Create a Break-Out Zone
Multi-purpose break-out areas are becoming an increasingly popular way of optimising use of space and creating an important social hub. As well as providing a place for informal meetings, lunch breaks and general interaction, they guarantee a temporary home to nomadic desk sharing workers during busy times.
Feelings of isolation from colleagues and managers can be a problem for geographically dispersed teams. If desk sharing is not implemented properly, as with all flexible working practices, it can negatively affect communication. Try to offer access to desks within the employee’s own team area whenever possible, to fight feelings of disenfranchisement or invisibility.
Invest in Flexible Technology
People will need to log in to their own extension to answer direct calls or pick up messages anywhere. A central system will allow for a consistent company image (such as phone number) as well as keeping costs down.
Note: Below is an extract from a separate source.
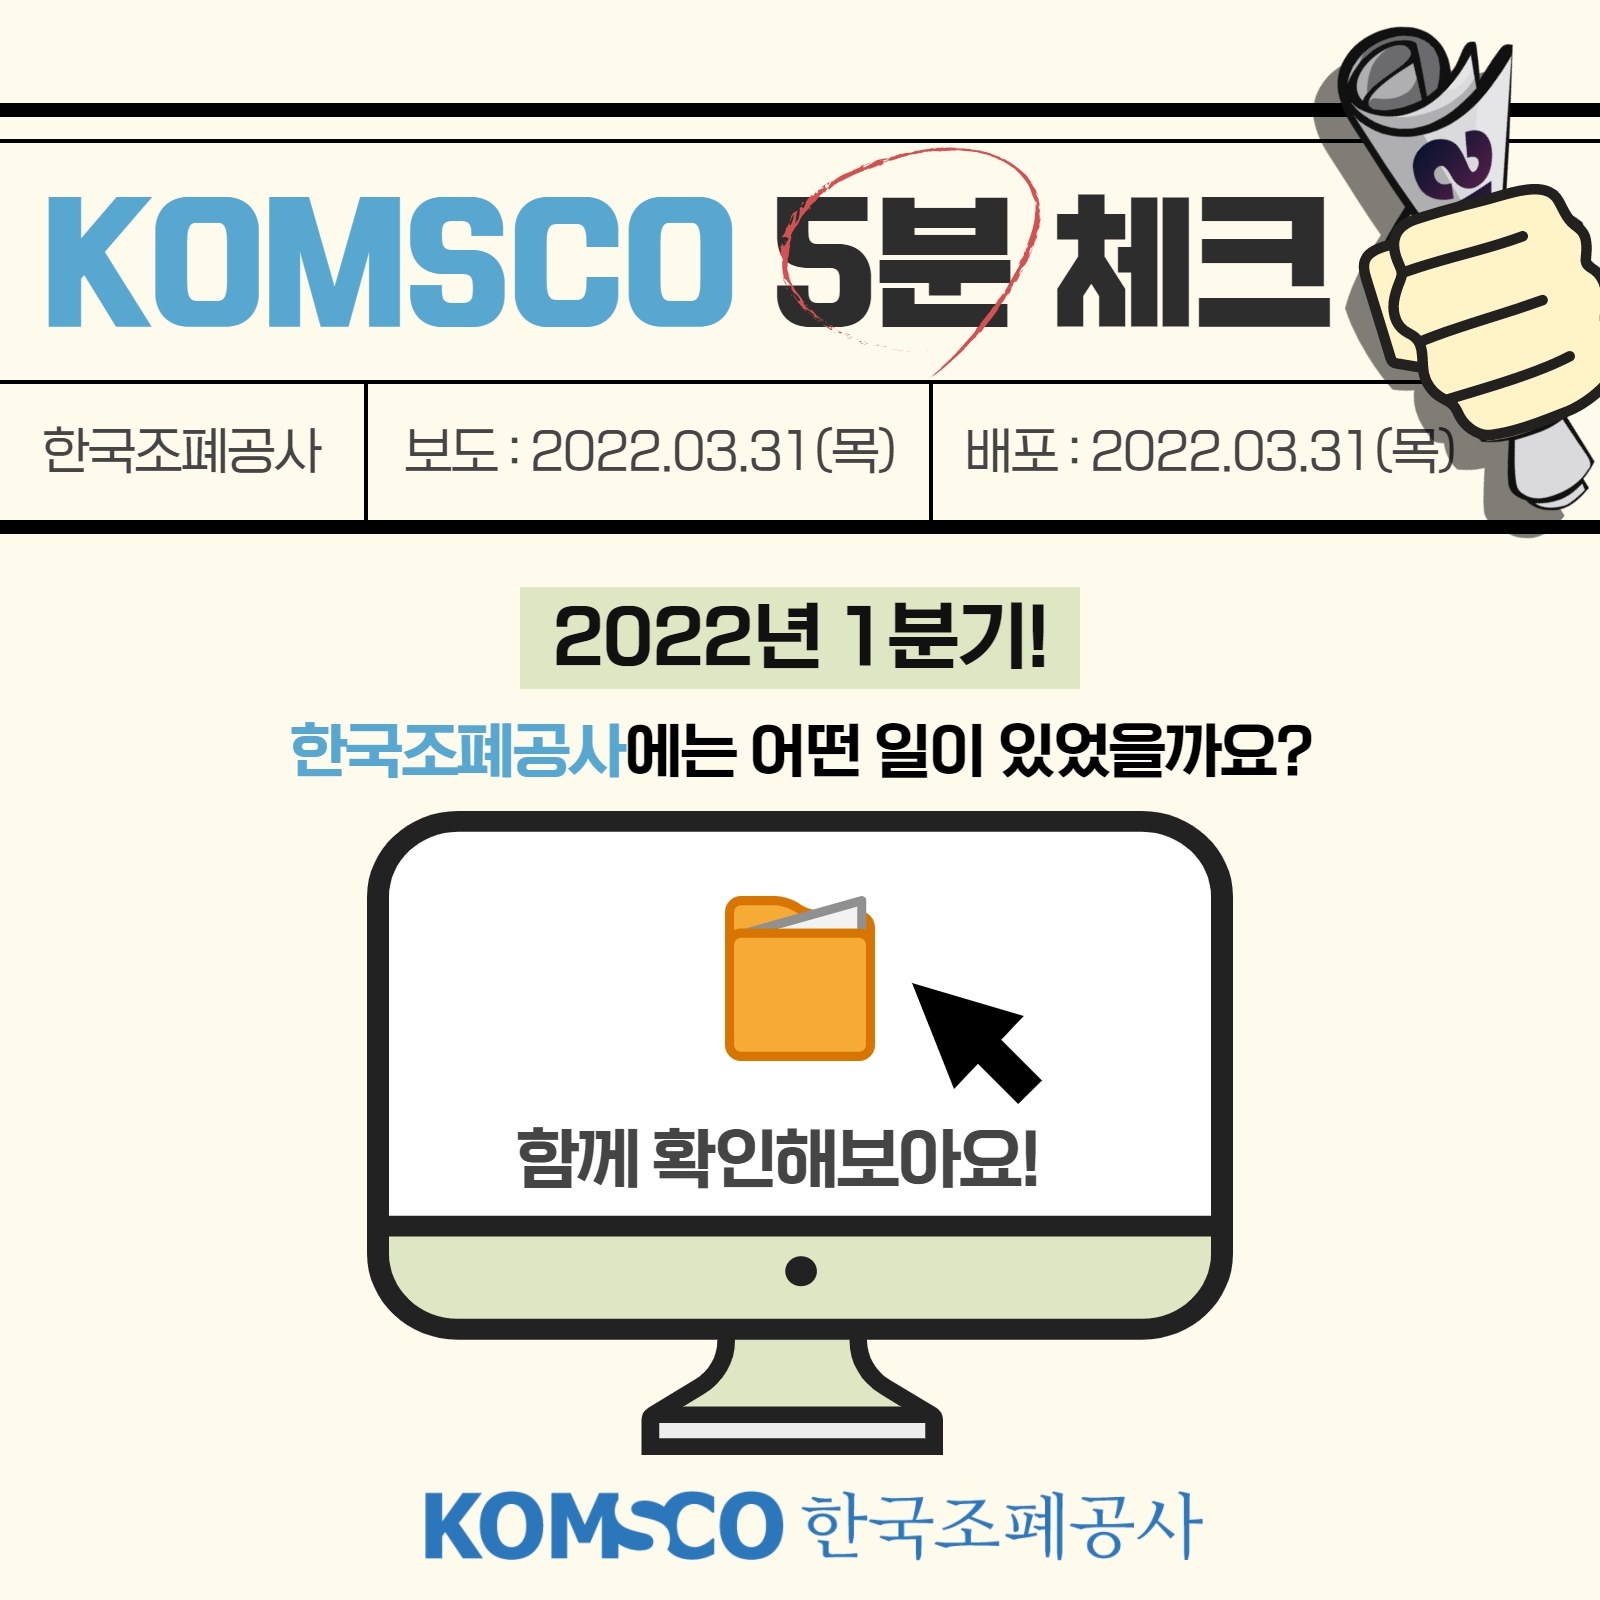  KOMSCO 5분 체크  2022년 1분기! 한국조폐공사에는 어떤 일이 있었을까요~? 함께 확인해보아요!

Laptop computers are generally preferable to PCs in a desk-sharing environment, but if that isn’t possible, make sure all desk-sharing workers have quick and easy access to the systems, knowledge bases and other resources they need, wherever they are.
Keep the Noise Down
Noisy neighbours are often a cause of irritation — especially as the trend for open plan offices spreads - and changing personnel in desk sharing environments can add to the problem. Carpeted floors and sound-absorbing upholstered barriers can help to minimise noise levels.
Lastly, but by no means least, remember a flexible working practice must be exactly that. Monitor the progress of your nomadic staff and be prepared to make changes if necessary to maximise productivity, workflow and morale.